In the records below, find the line with "Il sistema venoso: le", then retype it and every following line exactly, stopping after the line with "Eiffel Tower in the foggy night". Leave the pictures out.

● Record excerpts:
------------------------------------------------------------
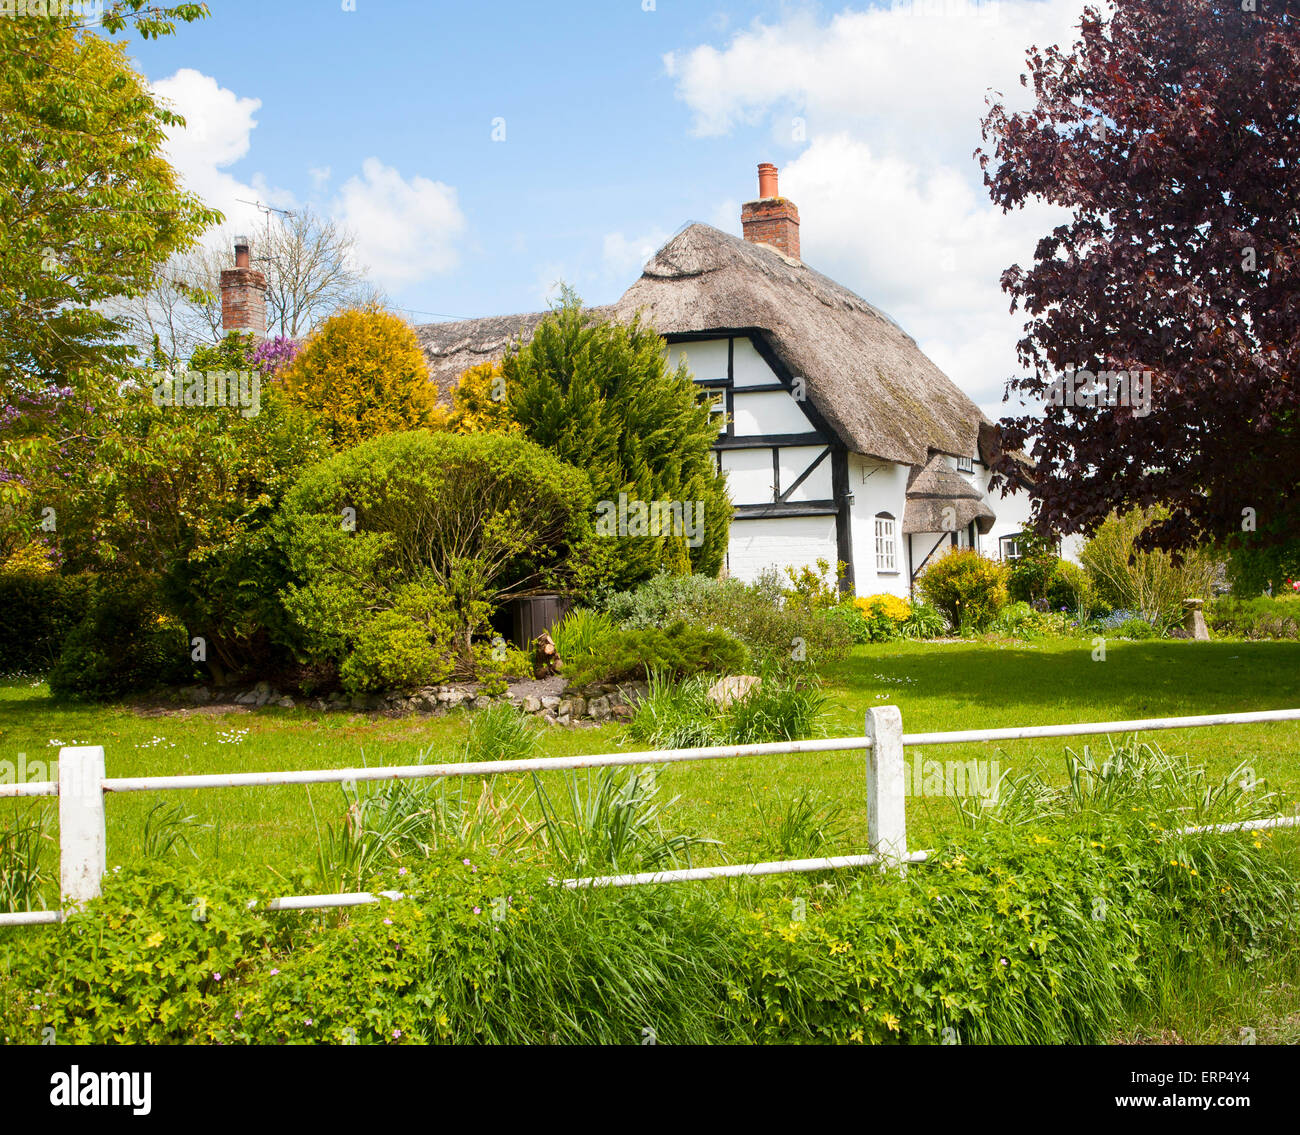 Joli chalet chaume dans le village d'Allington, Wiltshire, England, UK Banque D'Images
------------------------------------------------------------
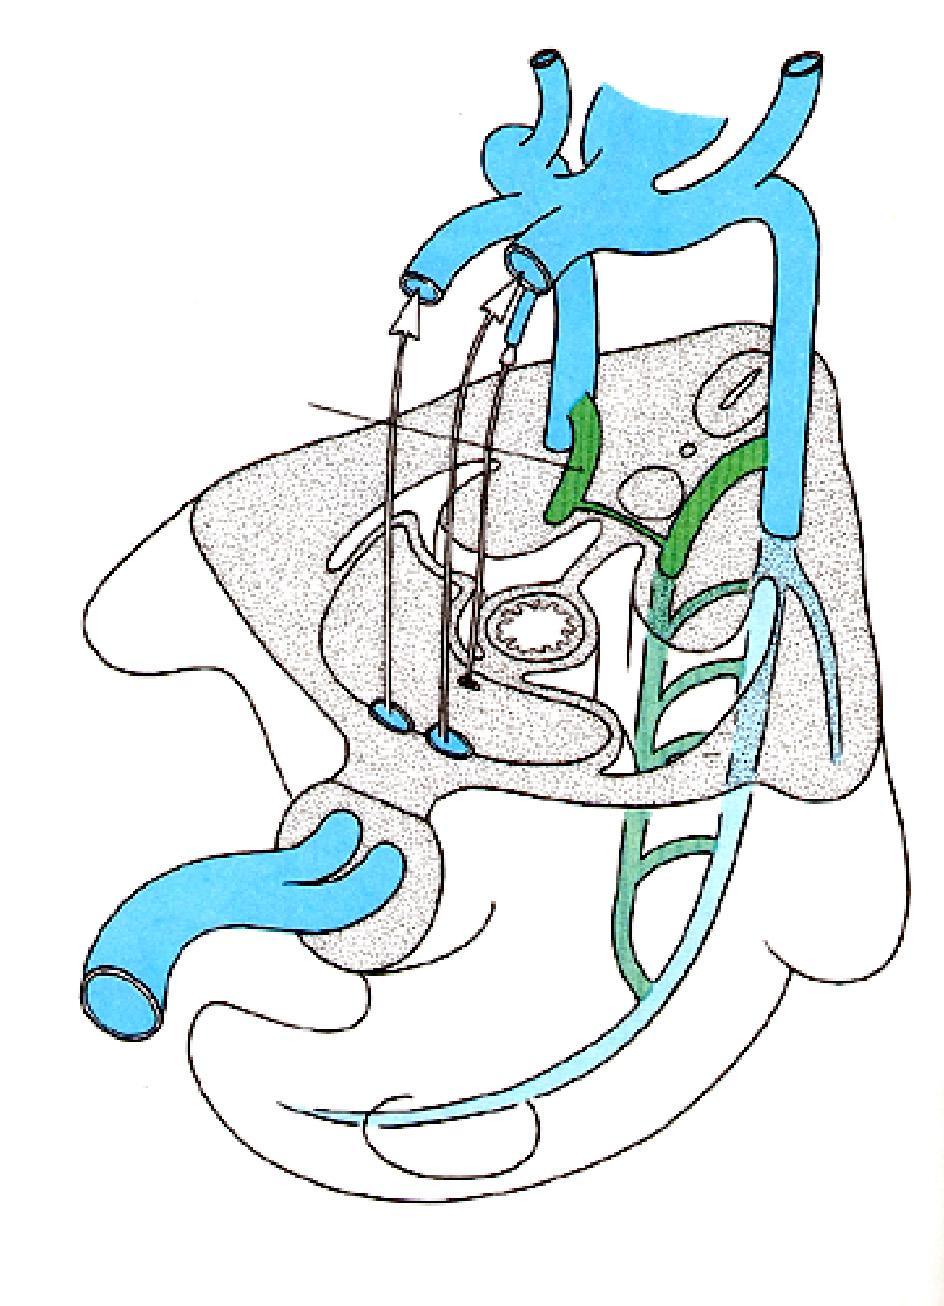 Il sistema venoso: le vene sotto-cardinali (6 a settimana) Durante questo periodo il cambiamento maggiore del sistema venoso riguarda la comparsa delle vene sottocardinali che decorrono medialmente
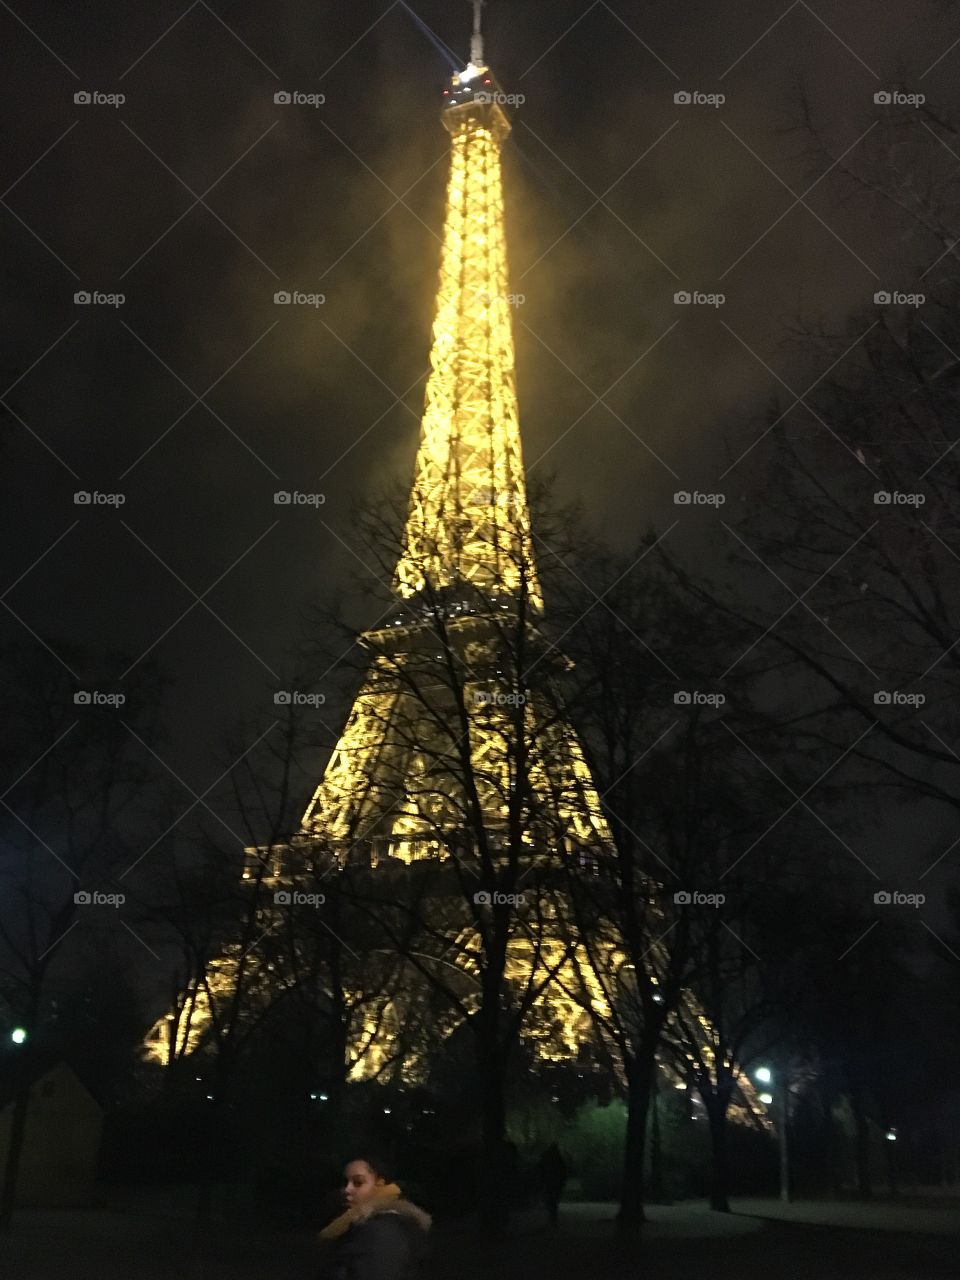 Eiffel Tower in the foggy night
------------------------------------------------------------
● Expected output:
 Il sistema venoso: le vene sotto-cardinali (6 a settimana) Durante questo periodo il cambiamento maggiore del sistema venoso riguarda la comparsa delle vene sottocardinali che decorrono medialmente
 Eiffel Tower in the foggy night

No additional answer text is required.